During World War II, 100 allotment plots were provided. The water level in Hatherton Lake was raised in preparation for fire fighting following bombing raids. In 1952, 15 acre of land were purchased to connect the park to the canal. The open air baths were closed and filled in around 1956. A garden for the blind by the Lichfield Street lodge, on a former bowling green, was opened in 1958.

In 1965, exploration began for tunnels connecting the Littleton Street mine workings, however none were found. In 1967, proposals for a new roundabout and flyover scheme that would have demolished the Clock Tower and lodge were rejected due to public pressure. In 1972, a proposal by Featherstone-Dilke to construct housing on the northern edge of the park was rejected following a public enquiry. On 19 April 1989, 31.32ha of land consisting of the original Arboretum and surrounding housing was designated a conservation area.
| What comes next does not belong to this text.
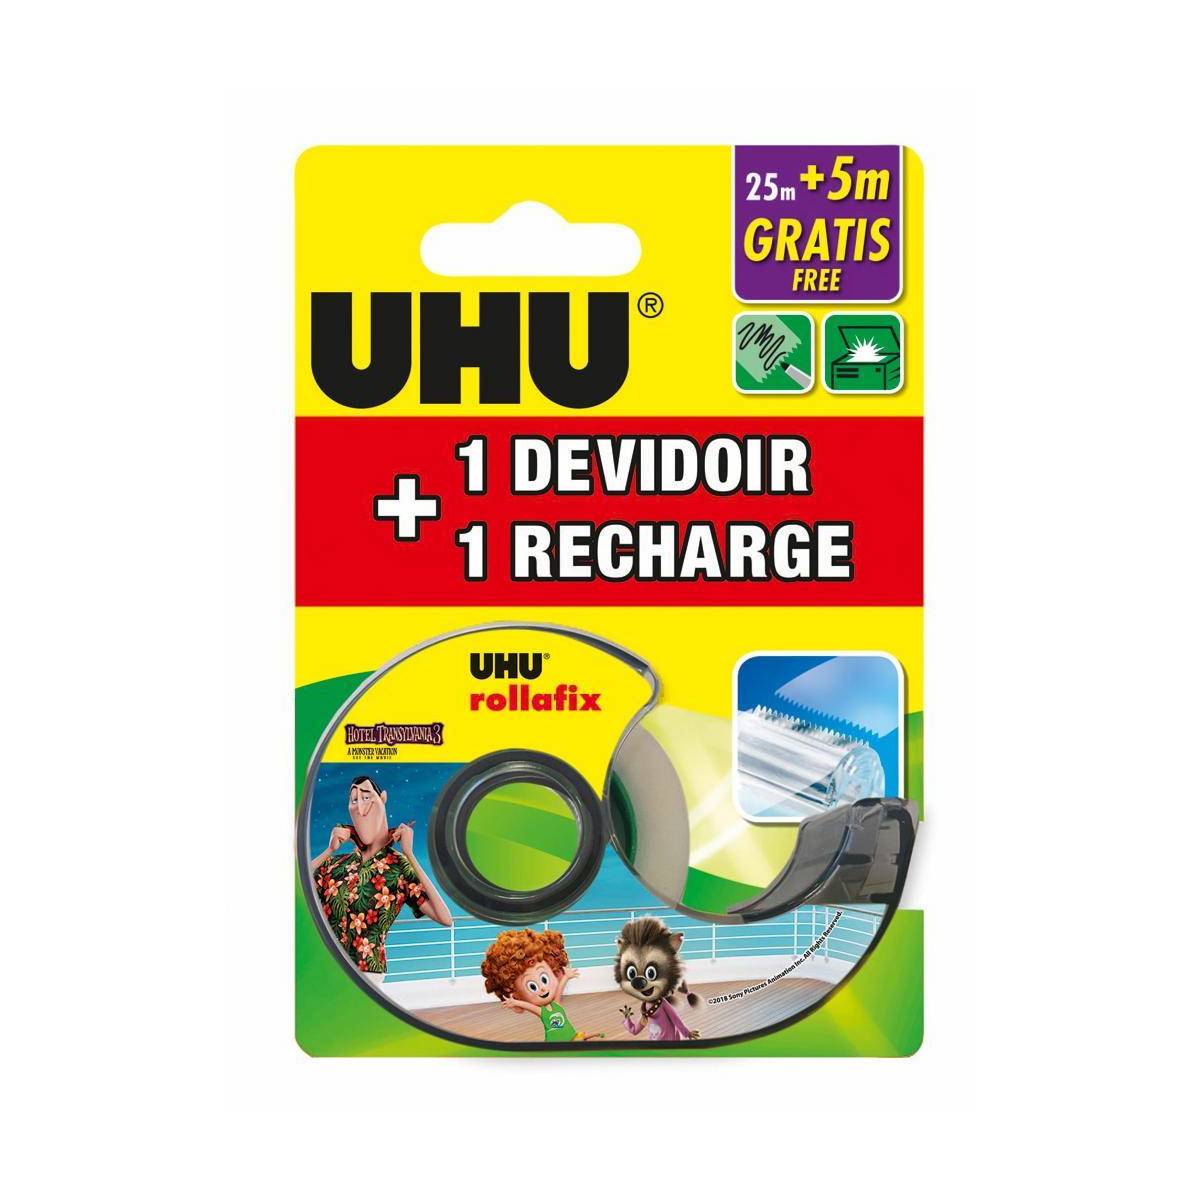 UHU Rollafix Ruban adhesif Invisible 25 m + 5m Gratis

In 1995, a Charter Mark was awarded to the Arboretum for excellence and diversity in the services it offered. It was re-awarded in 1999 and in the same year, a rare species of white-clawed crayfish was discovered in Hatherton Lake.
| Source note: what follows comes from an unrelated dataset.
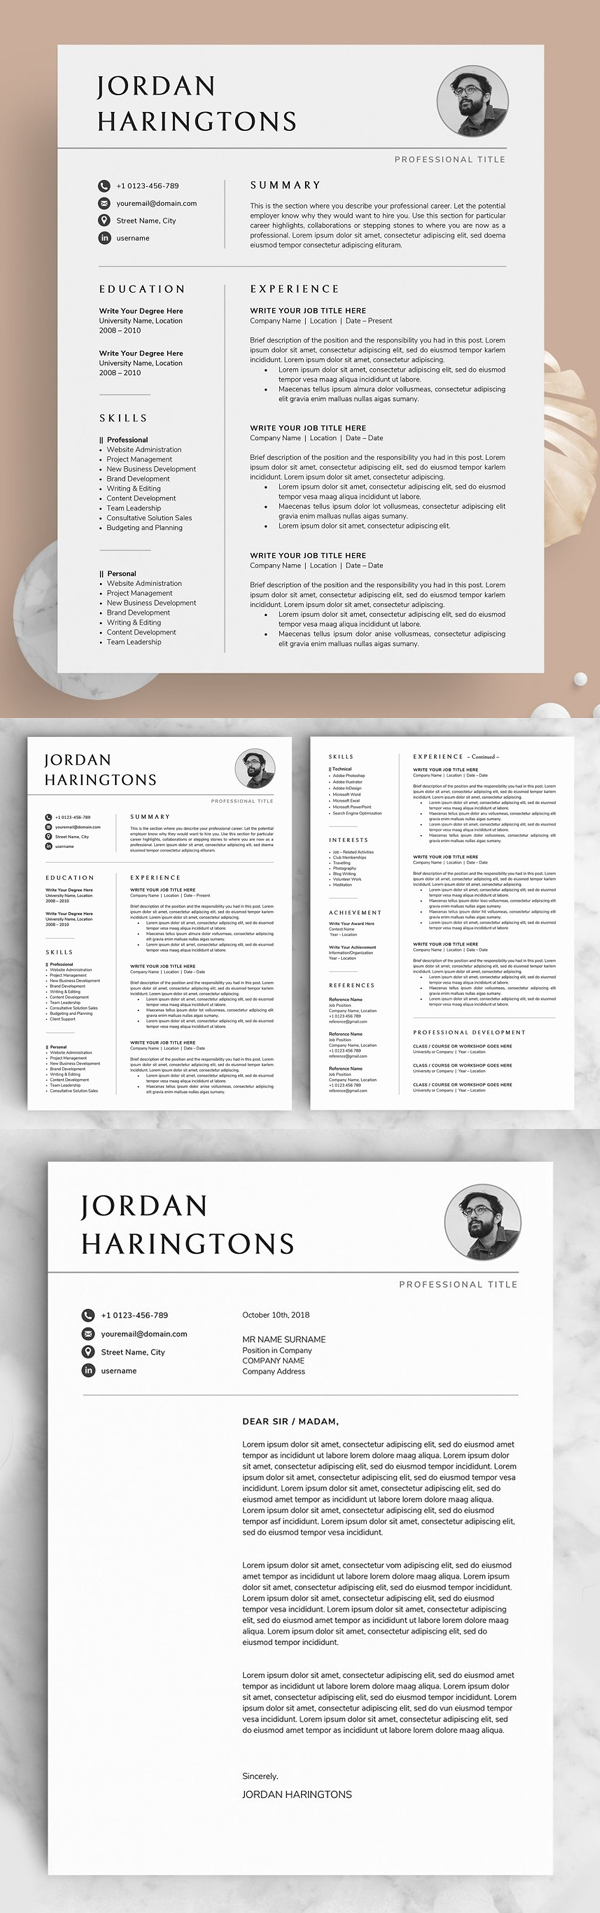 Resume/CV - The Jordan

===Walsall Illuminations===

From 1951 to 2008 the Arboretum hosted the Walsall Illuminations each autumn for six weeks. The first show was held in 1951 by the Festival Committee, although illuminations have taken place at the park since 1875 when candles were placed in coloured jars.

In February 2009 it was announced that the Illuminations would be suspended due to financial constraints, the event having run at a loss for a number of years. In March 2011 it was confirmed that the Illuminations would be scrapped permanently. The last Illuminations was held in 2008 with a record low attendance, making a loss of £167,000.

==Sporting activities==
- A bowling green and club house
- Tennis Courts
- Table Tennis Tables

Since 10 March 2012, Walsall Arboretum has hosted a weekly parkrun. Originally, this took place in the arboretum extension, starting and finishing near the skate park, however as the Victorian section of the park was renovated, the course moved into the arboretum itself, initially based by the bowling pavilion and then, as works finished, to its current location near centre green. Irrespective of location, the course has remained a little over three laps.
The first event saw 55 participants run the course, supported by 18 volunteers.

Walsall Arboretum has also hosted other running events
- Race for Life
- Walsall Run (10km)
- Acorns Santa Run

==Geography==

The Arboretum has an area of over 80 acre. It comprises a number of distinct areas, including:
- Hatherton Lake (boating lake)
- Several acres of open playing fields
- A children's play area
- A Splash Pad

The park is home to over 10,000 species of tree and shrub.